Skeptics may point to state rankings showing that Rust Belt states like Pennsylvania and Ohio are not as high on the list as Colorado, Washington, Tennessee and Louisiana when it comes to opioid deaths per 100,000 residents.
However, in August, Science Daily reported on a peer-reviewed study in August, which found evidence that deaths from opioids are UNDERREPORTED.
The authors, from the University of Virginia, write:
For opioids, uncorrected mortality growth rates were considerably underreported in Pennsylvania, Indiana, New Jersey, and Arizona…For instance, Pennsylvania had the 32nd highest reported opioid mortality rate and the 20th highest reported heroin death rate, but ranked seventh and fourth based on corrected rates. Similarly, Indiana’s rankings moved from 36th and 29th to 15th and 19th, respectively, and Louisiana’s from 40th and 31st to 21st and 20th, respectively…”
As a journalist who has covered the opioid epidemic for many years – predating Obama – I really feel the main cause of opioid deaths is the failure of the FDA and Drug Enforcement Administration to stand up to pharmaceutical manufacturers and distributors, to limit prescribing of these medications to folks who have had surgery – not for overall pain management.
For years, our newsletters have had reports of addicted patients breaking into pharmacies to find Vicodin or OxyContin, and each time there is an effort to limit prescribing, drug firms that make the drugs step in with scientists and patients and tell how good they are.
Opioids, like antibiotics and other heavily-marketed prescription drugs, have been overprescribed for years. There are few alternatives for pain management, too.
However, it is very sad that those who have job-related aches and pains are being put on these drugs in order to qualify for SSDI and other welfare benefits since they have no work.
Hence, I am pleased Peter Navarro made that link between the decline of blue collar jobs and the various ills facing “Forgotten America,” particularly the opioid epidemic. I also am pleased Trump’s FDA is (finally) taking some action on opioids, but so far, I have seen no regulatory efforts to limit prescribing and marketing – which the agency has the power to do.

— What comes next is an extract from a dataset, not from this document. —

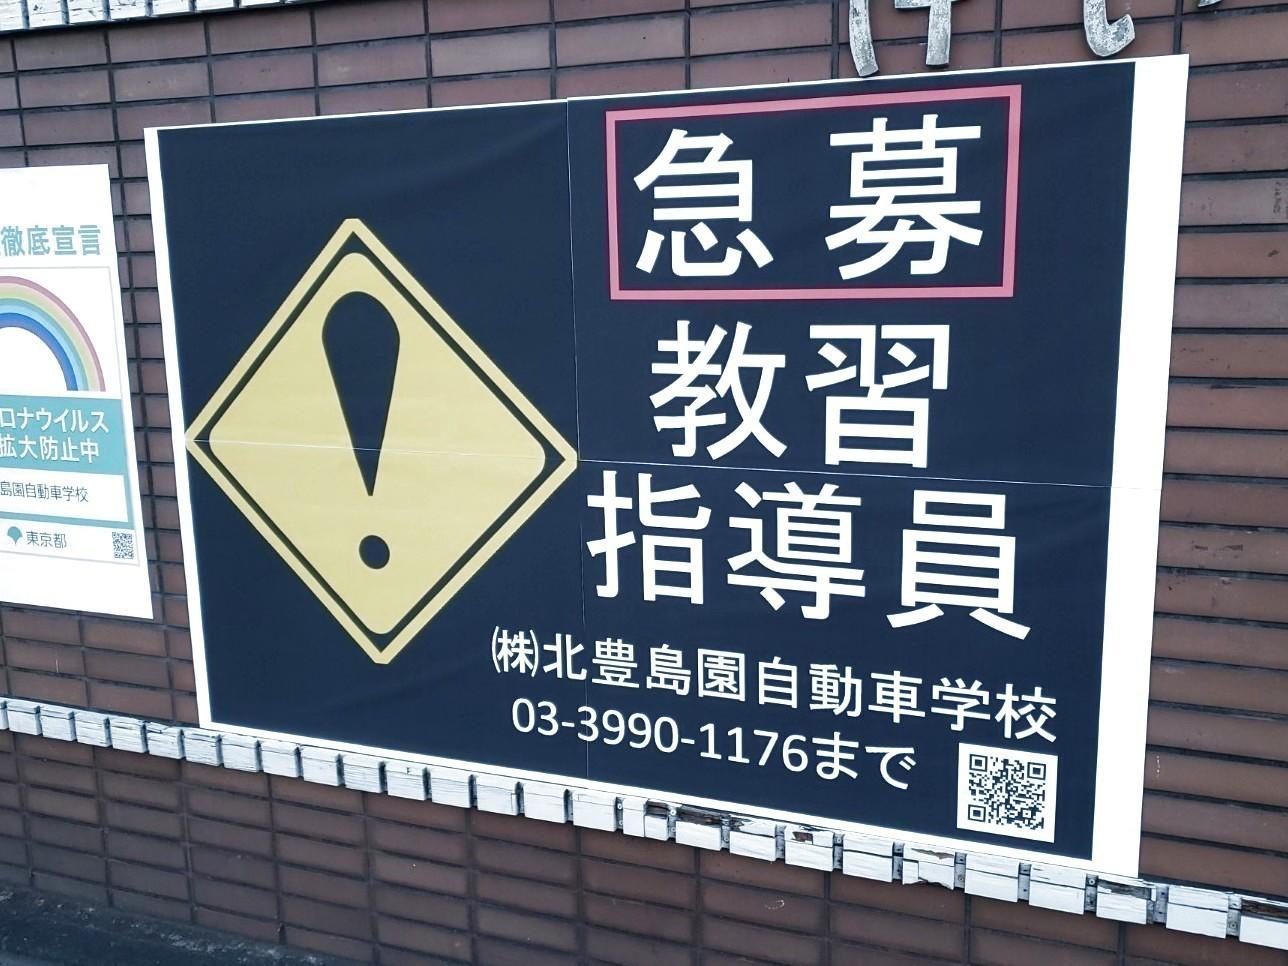 学校 自動車 北 豊島園

But it’s time for Trump to act on his promises to level the playing field on trade and restore our manufacturing base. While it’s true that computerization and automation had a great deal to do with the loss of manufacturing and mining jobs, and that the quantity of jobs won’t come back, improving our balance of trade with the world and tax reform should improve our competitiveness.

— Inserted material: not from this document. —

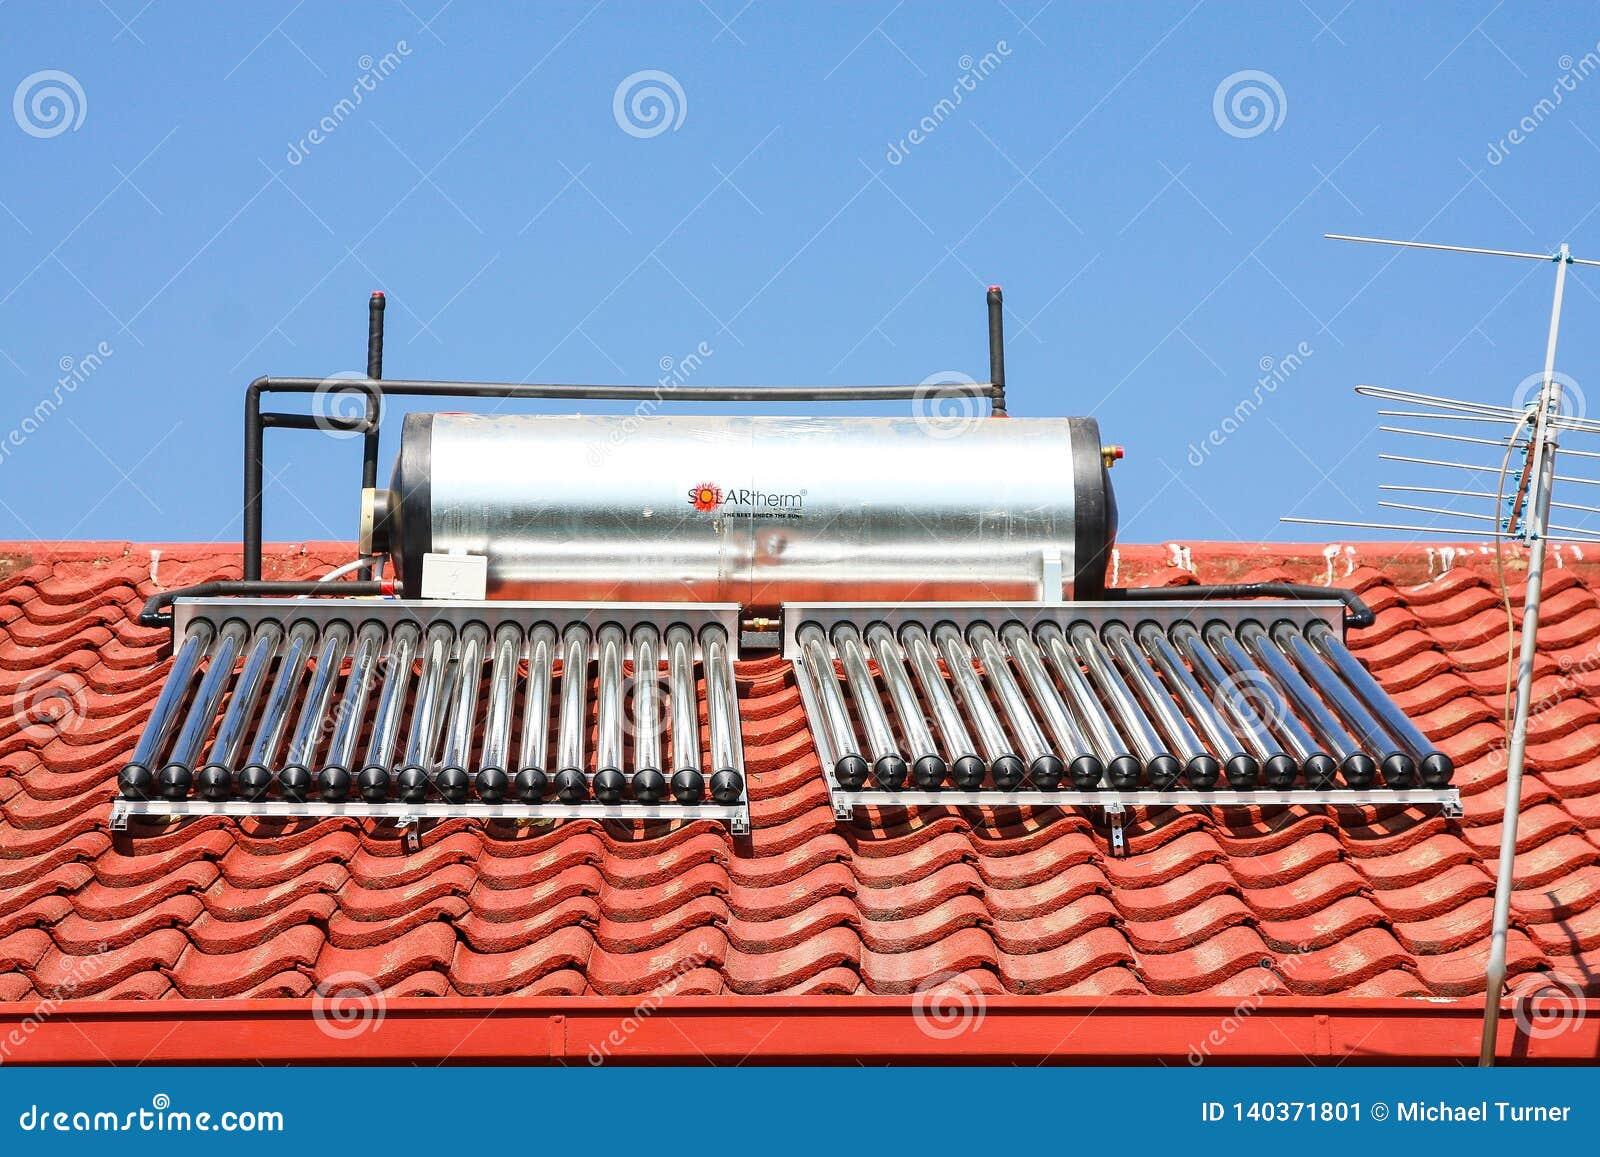 Solarwarmwasserbereitungs-Rohre auf einem Dach

In addition, I am awaiting a bill on infrastructure – another hallmark of Trump’s agenda—which will rebuild our highways, sewer systems and extend broadband to the very areas of rural America where people need the Internet capacity – and the jobs. Trump and Congress made a big mistake not introducing that first, vs. the Obamacare repeal.
The goal should be to move us away from a “Dependency Society” and toward an “Opportunity Society.” And, if the “Obstructocrats” and big money Republicans in Congress get in the way (i.e. “The Swamp”), then I hope the voters will pay them some retribution in the 2018 elections.